At 4pm Koaki starts getting ready. Her make-up takes about 45 minutes, with various undercoats of wax and paste before the final dusting of white powder. Lips and eyebrows are carefully painted on.

Her hair is set once a week at a special hairdresser. It takes 40 minutes, and she must sleep on a special neck-rest so as not to spoil the lacquered style.

Maiko use their own hair, as opposed to geisha, who use wigs. This week, Koaki points out, her hair is set in a festival style.

The style of kimono is determined by the season. A professional kimono dresser comes to the okiya every day.He's an expert, so it only takes him about five minutes to tie Koaki's kimono and obi, or wide belt. By 6pm she is ready.

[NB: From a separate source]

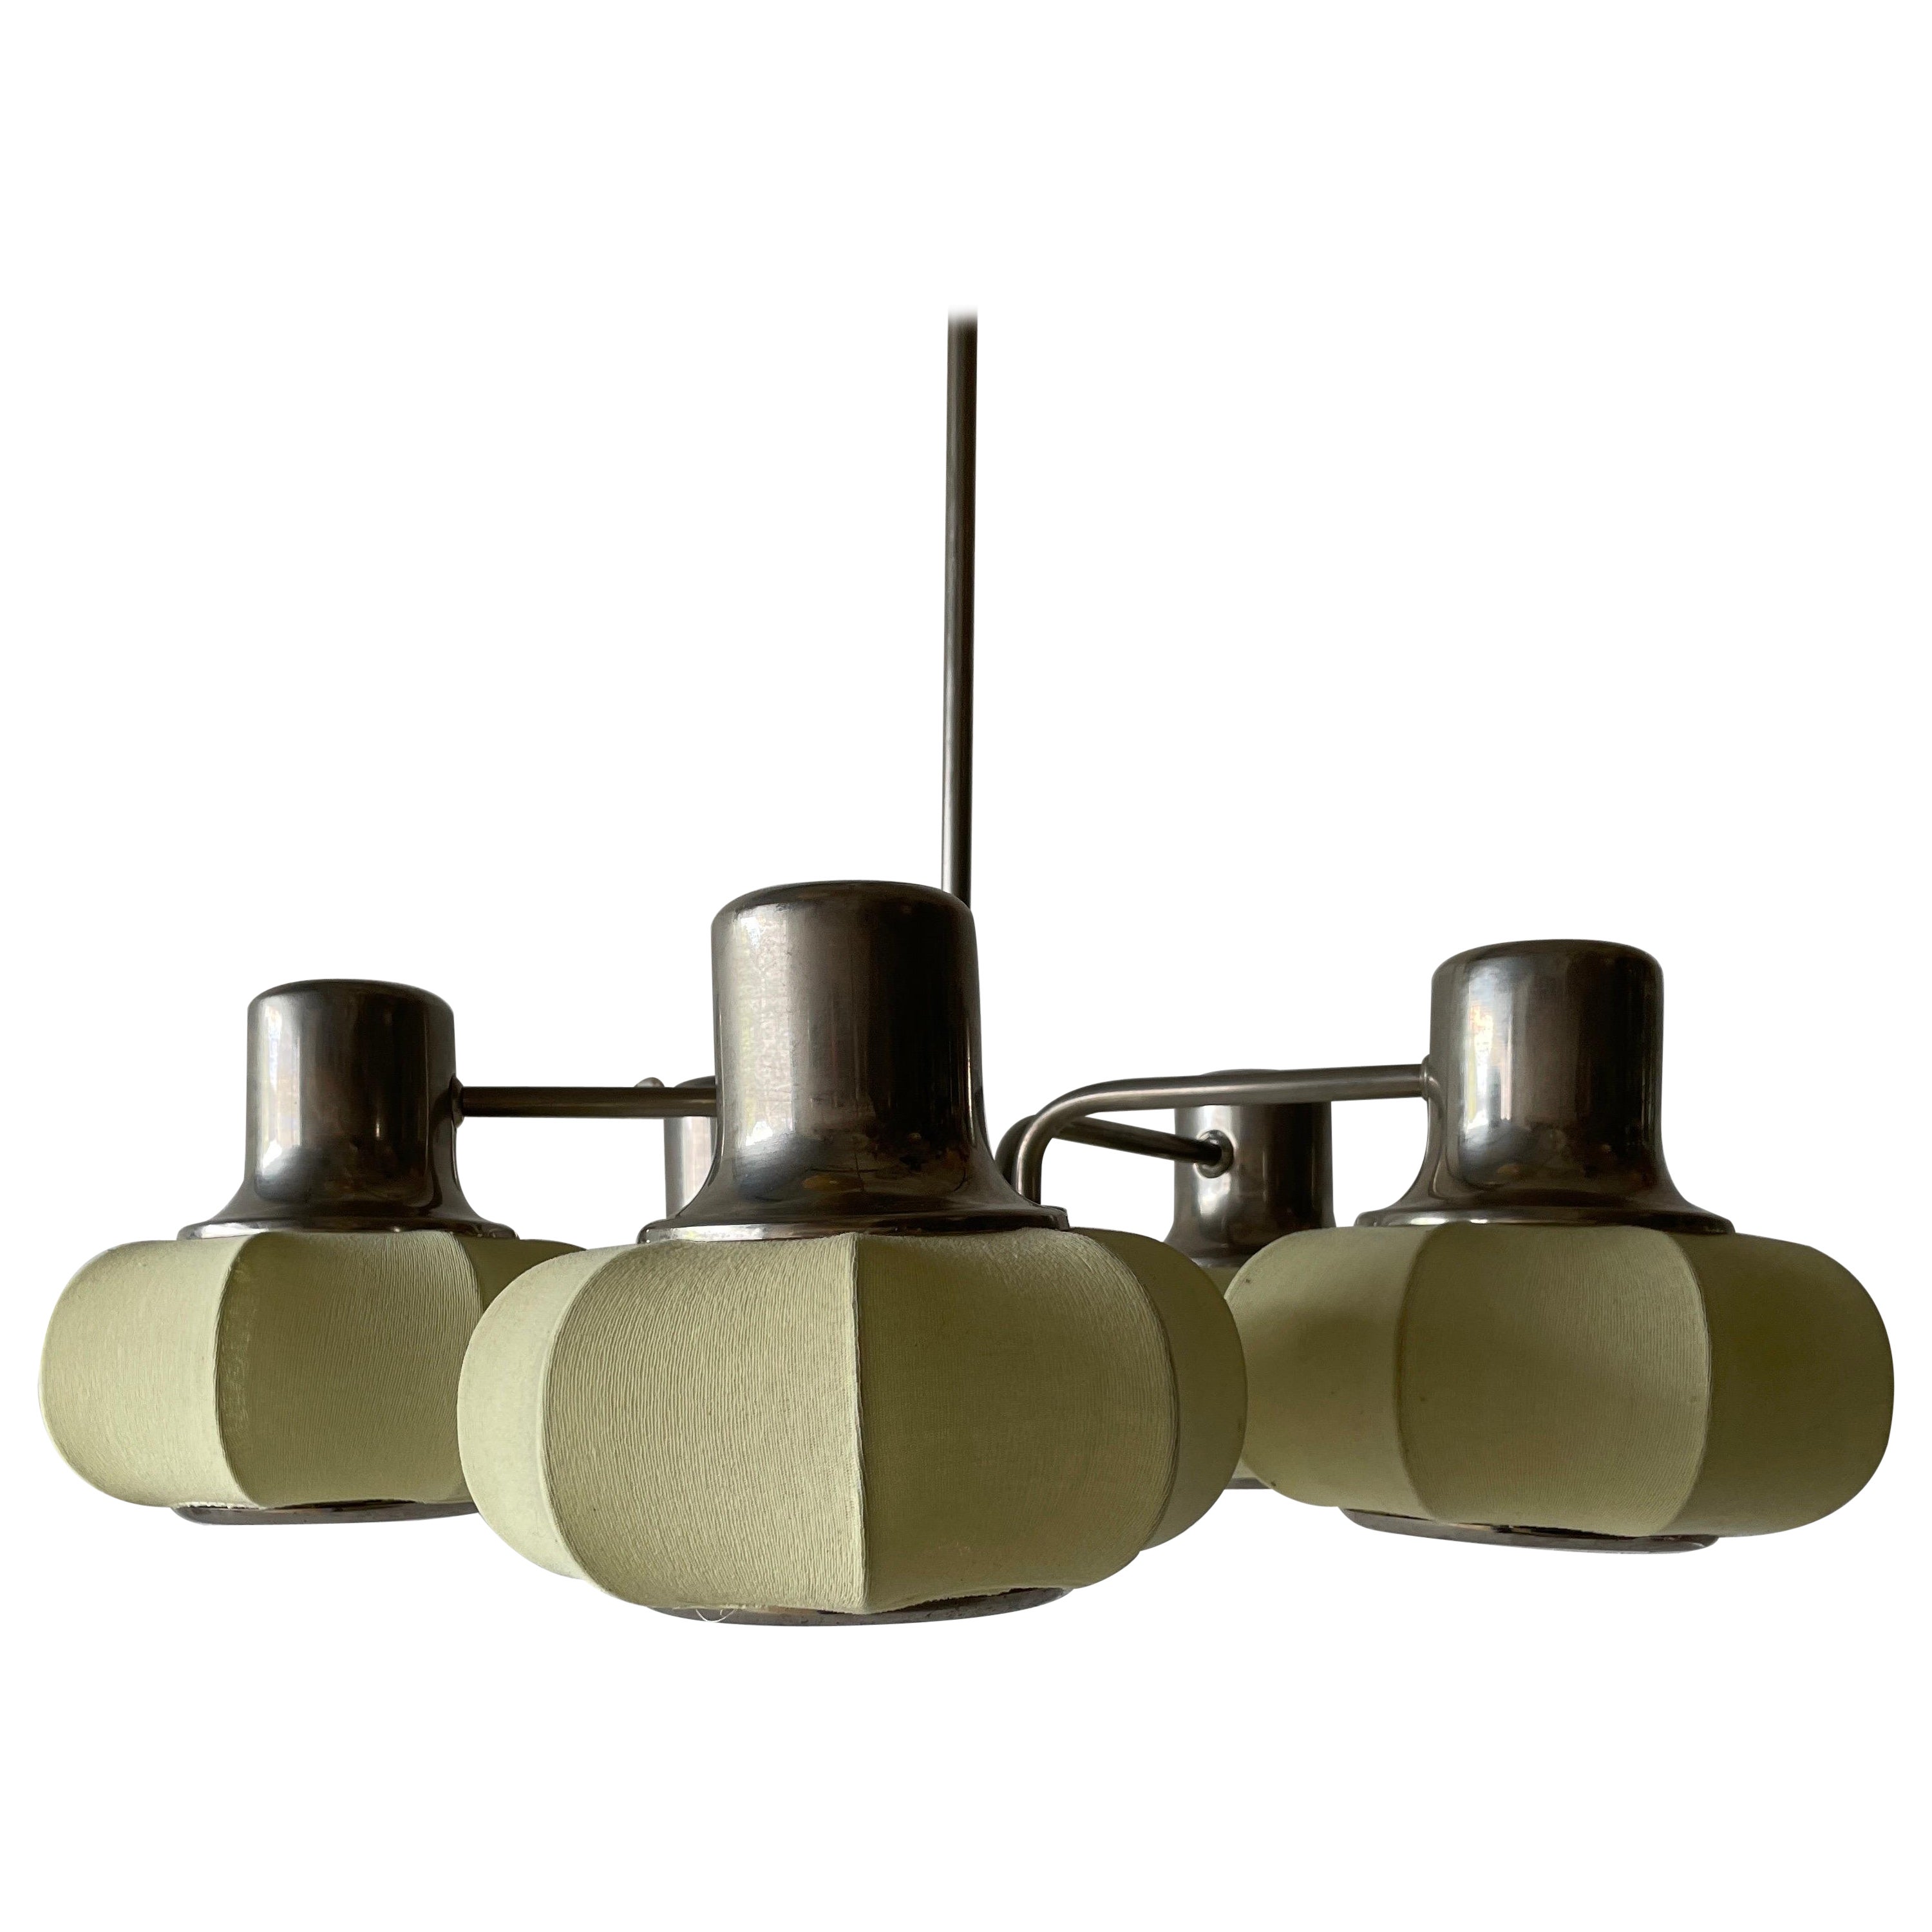 5-armed Metallic Chandelier with Fabric Shades by VEB Leuchten, 1950s, Germany For Sale
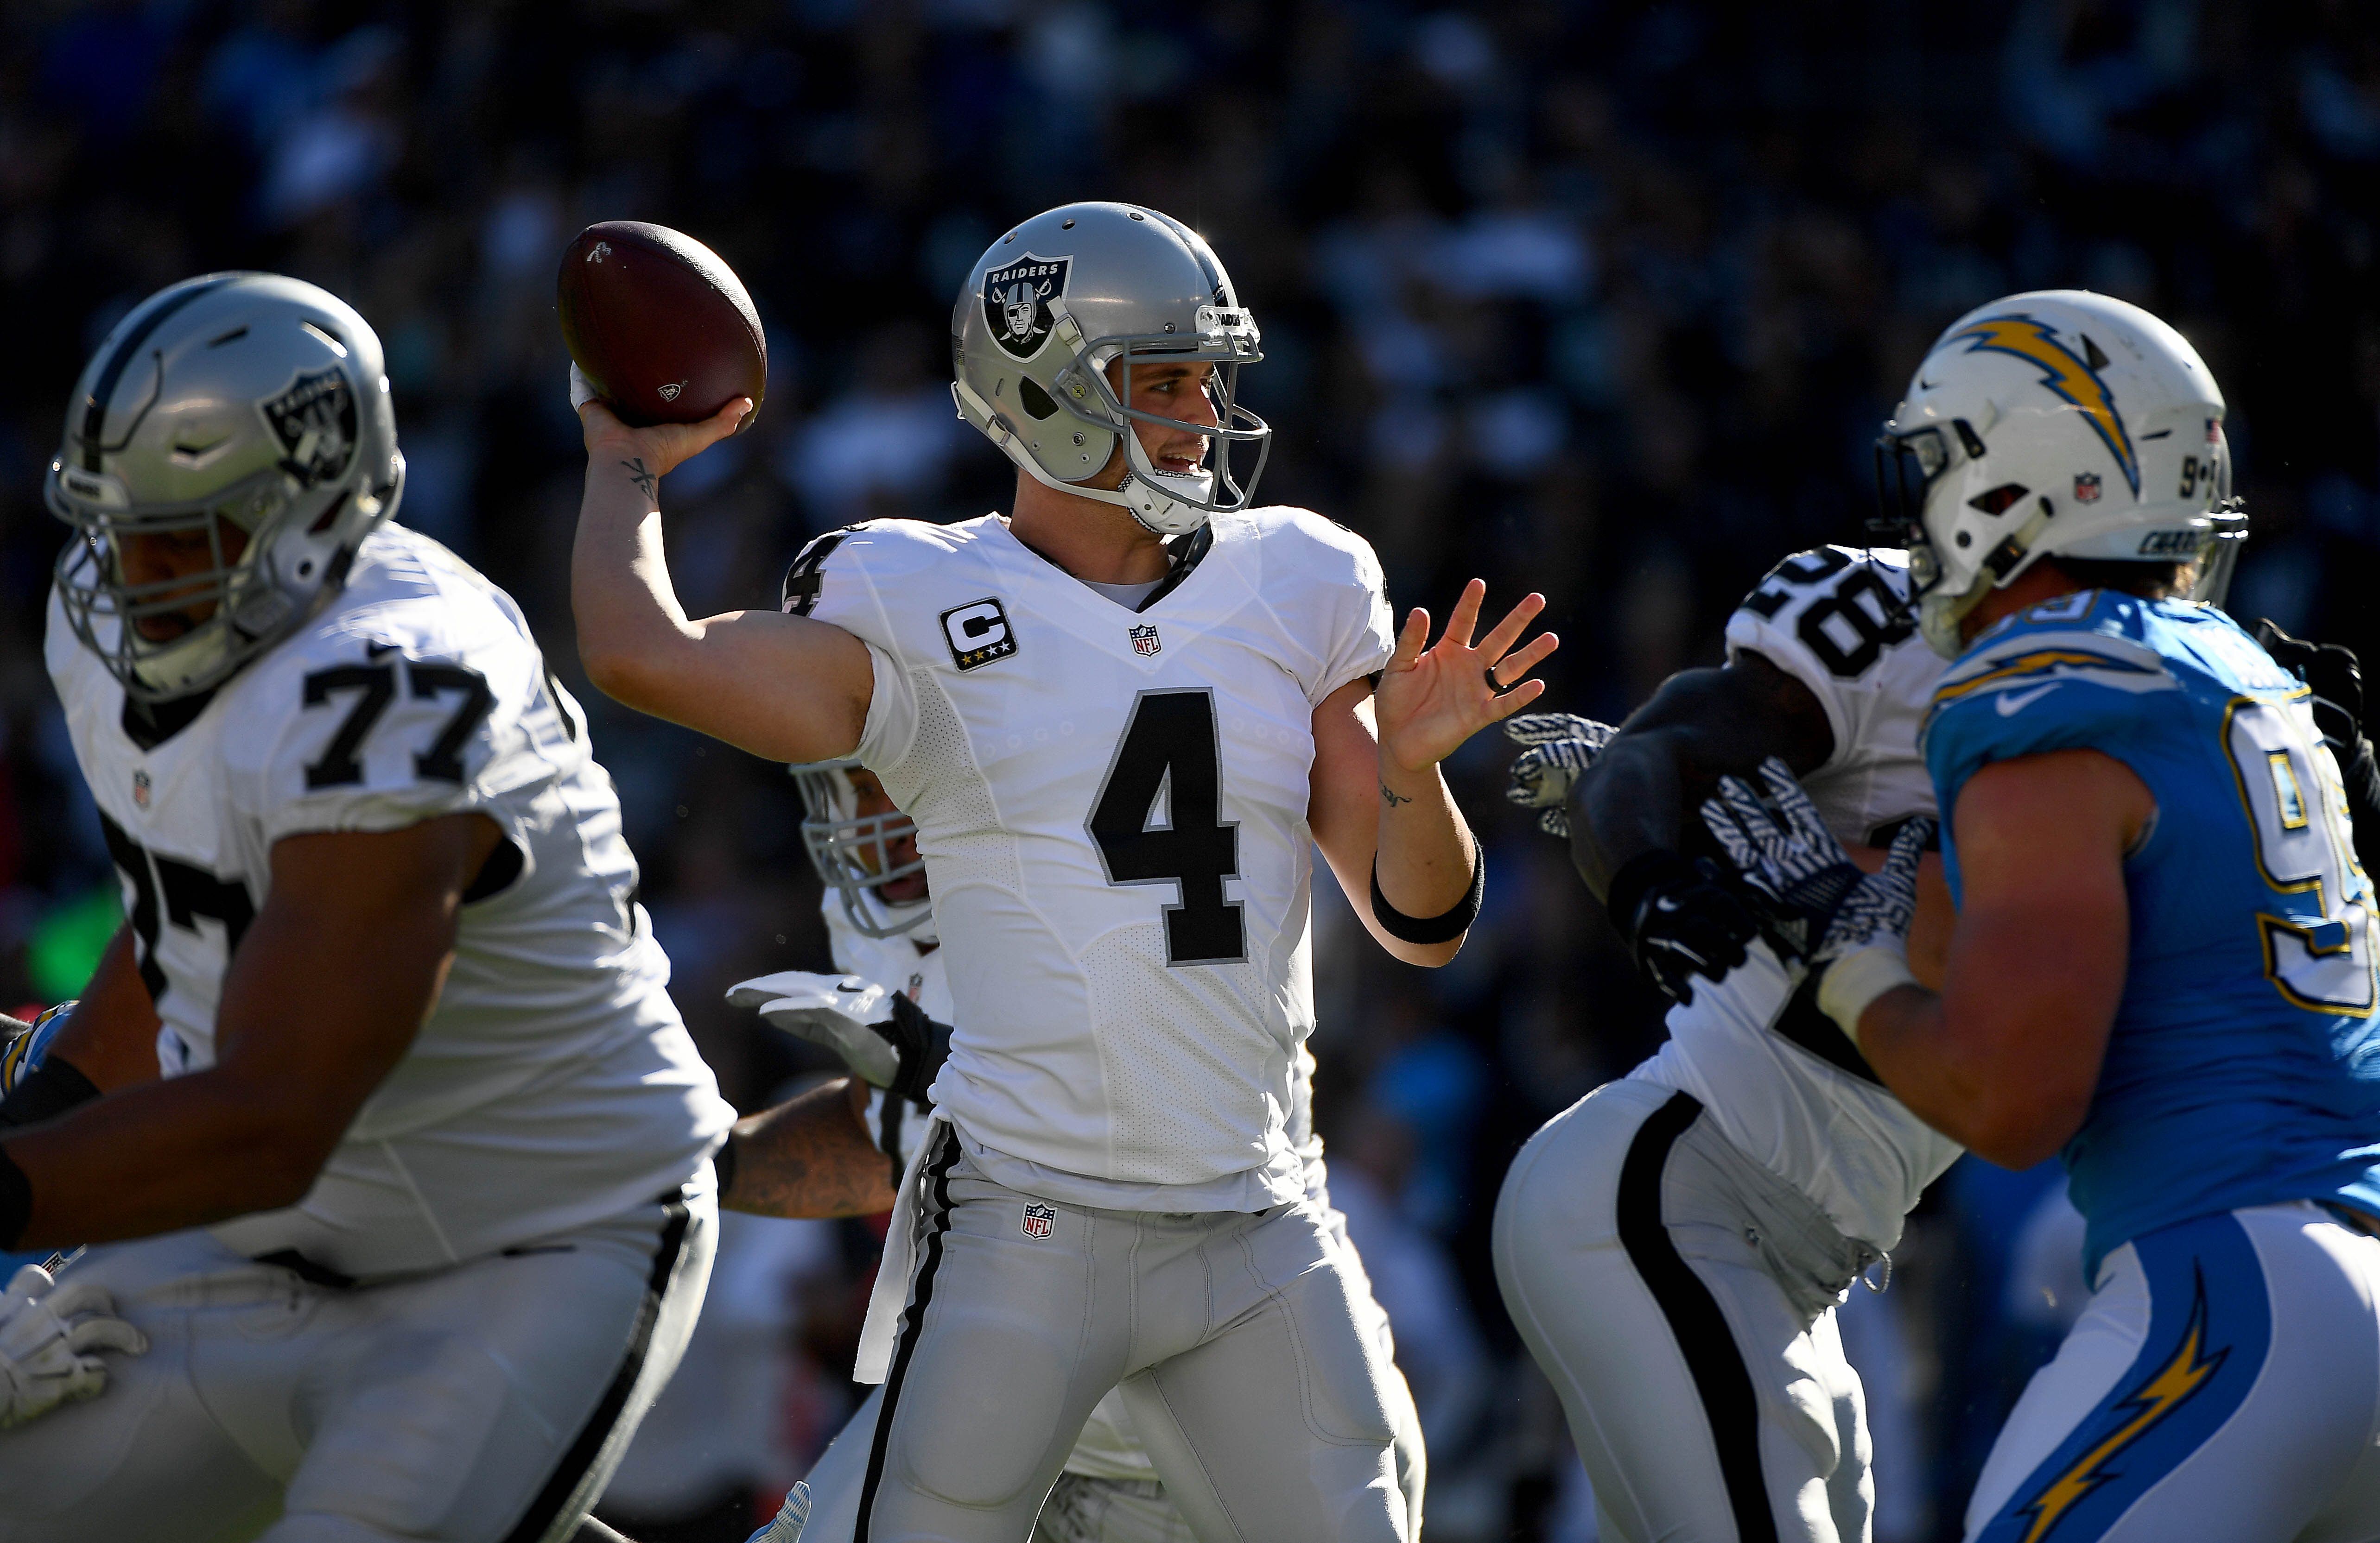 SAN DIEGO, CA - DECEMBER 18:  Quarterback Derek Carr #4 of the Oakland Raiders throws from the pocket during his team\'s game against the San Diego Chargers at Qualcomm Stadium on December 18, 2016 in San Diego, California. (Photo by Donald Miralle/Getty Images)

Koaki says she has a strict daily schedule, the only variation being the number of evening engagements. There are usually three or four zashiki (engagements) a night.

"During the boom time I heard that there were five or six engagements a night. Now, I sometimes have idle time between appointments."

During idle time on Tuesdays she has a chance to watch her favourite TV drama, Kamisama, Mo Sukoshi Dake ("God give me a little more time"), the story of a young girl infected with HIV. She is interrupted this week with a call from the aochaya (teahouse) to entertain. In Gion there is an internal telephone network between the geisha houses, the teahouses and restaurants. The whereabouts of a geisha is always known, so she can be called when needed.

Koaki usually returns to the okiya by 1am. She removes her make-up and takes a bath. Only on Sundays can she sleep in.

Geisha don't reveal who their clients are or give details of what happens at their engagements. Koaki reluctantly says that the clients are mostly older men, and she is treated like a granddaughter. "Sometimes a customer will bring his son, but it's rare to see young people in Gion."

Her customers range through the spectrum of society, but mostly they are businessmen entertaining clients. "I'm not expected to discuss business or very difficult topics. I am supposed to be like a 'flower' at these parties. Customers come to Gion for fun and to relax.

"Japanese men yearn to visit Gion. They want to have the experience of being entertained in a traditional way."

An indication of the strength of this attraction is that Gion isn't suffering too much from the effects of Japan's recession. Koaki says that after an engagement she will go on with customers to a karaoke bar somewhere in Gion, a modern innovation in a geisha's life.

Between work, festivals and lessons there are only two days off a month. Koaki is looking forward to a precious three-day holiday later in August, and plans to relax in her okiya room listening to her favourite singers, Mariah Carey and Celine Dion.